▶ [Aim of the exercise]: Word for word, restate the lines of the data below between those holding "ปลั๊กหัวฉีดนิสสันเก่า (fuel injectors" and "Oversized umbrella (It's HUGE!)", inclusive; pictures do not belong in the copy.

▶ [Available records]:
++++

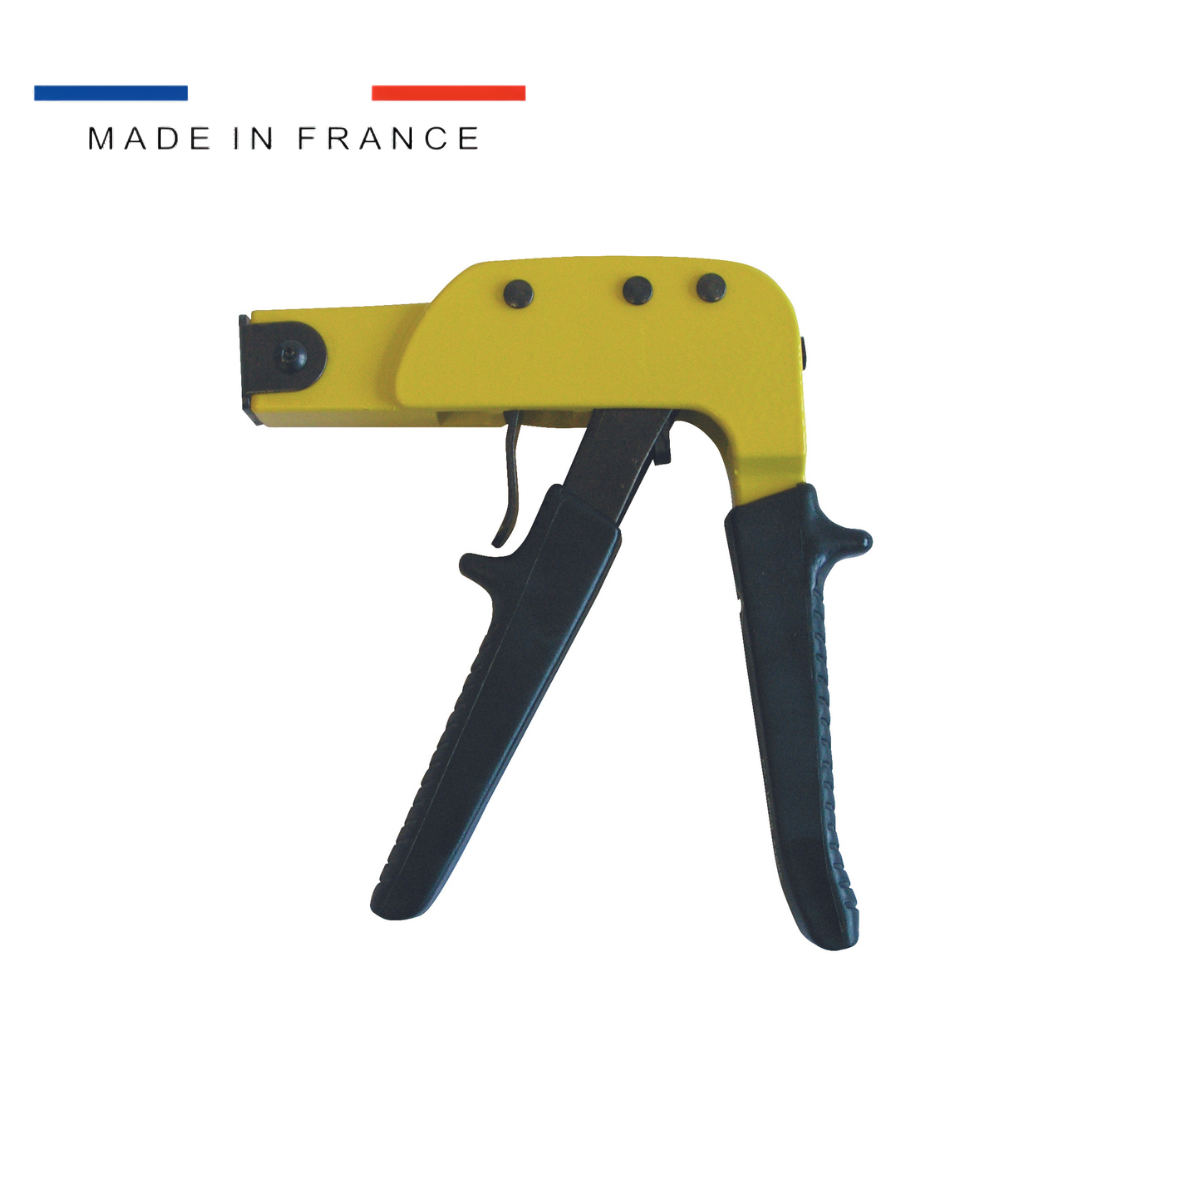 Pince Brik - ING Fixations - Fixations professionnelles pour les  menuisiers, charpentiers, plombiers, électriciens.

++++

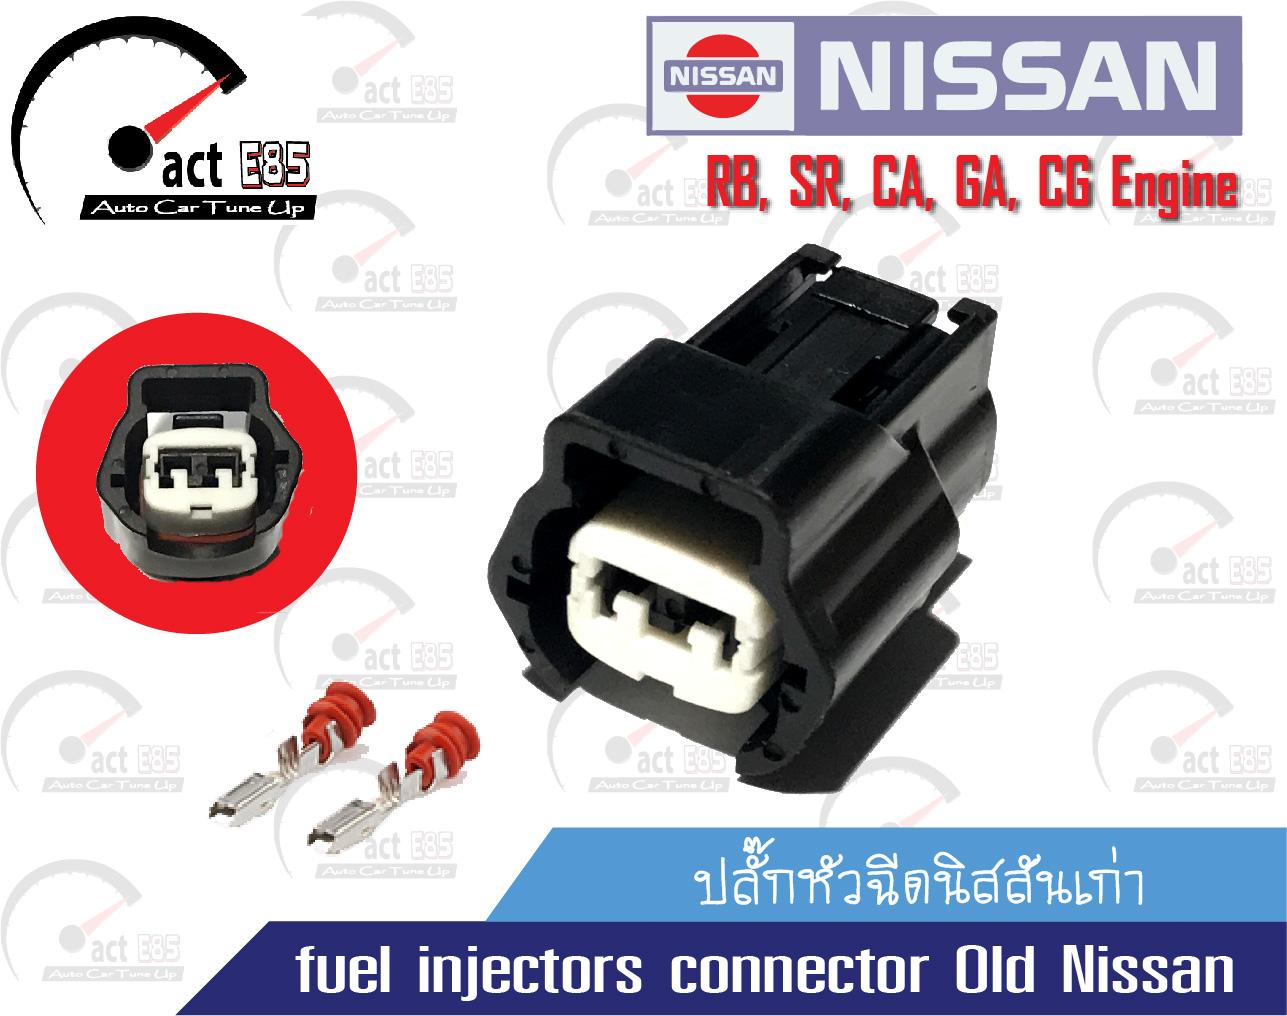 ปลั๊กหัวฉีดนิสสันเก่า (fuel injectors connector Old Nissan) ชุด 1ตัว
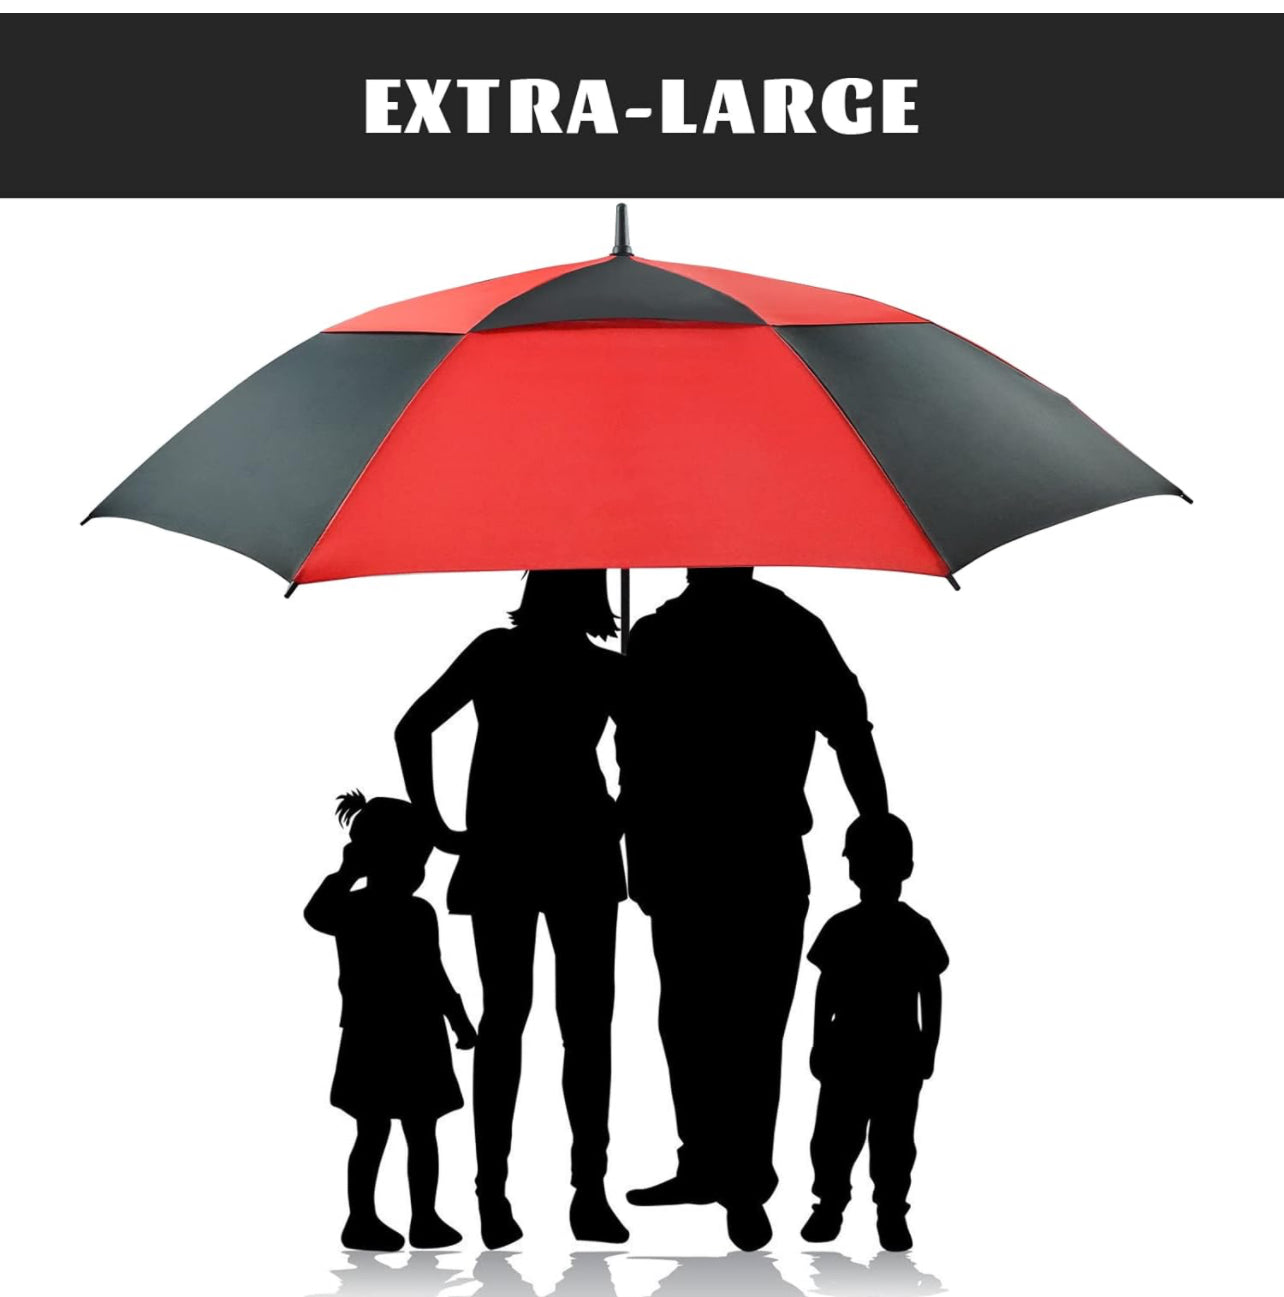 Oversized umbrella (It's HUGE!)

++++

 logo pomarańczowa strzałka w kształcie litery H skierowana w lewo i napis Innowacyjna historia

++++

▶ [Task result]:
 ปลั๊กหัวฉีดนิสสันเก่า (fuel injectors connector Old Nissan) ชุด 1ตัว
 Oversized umbrella (It's HUGE!)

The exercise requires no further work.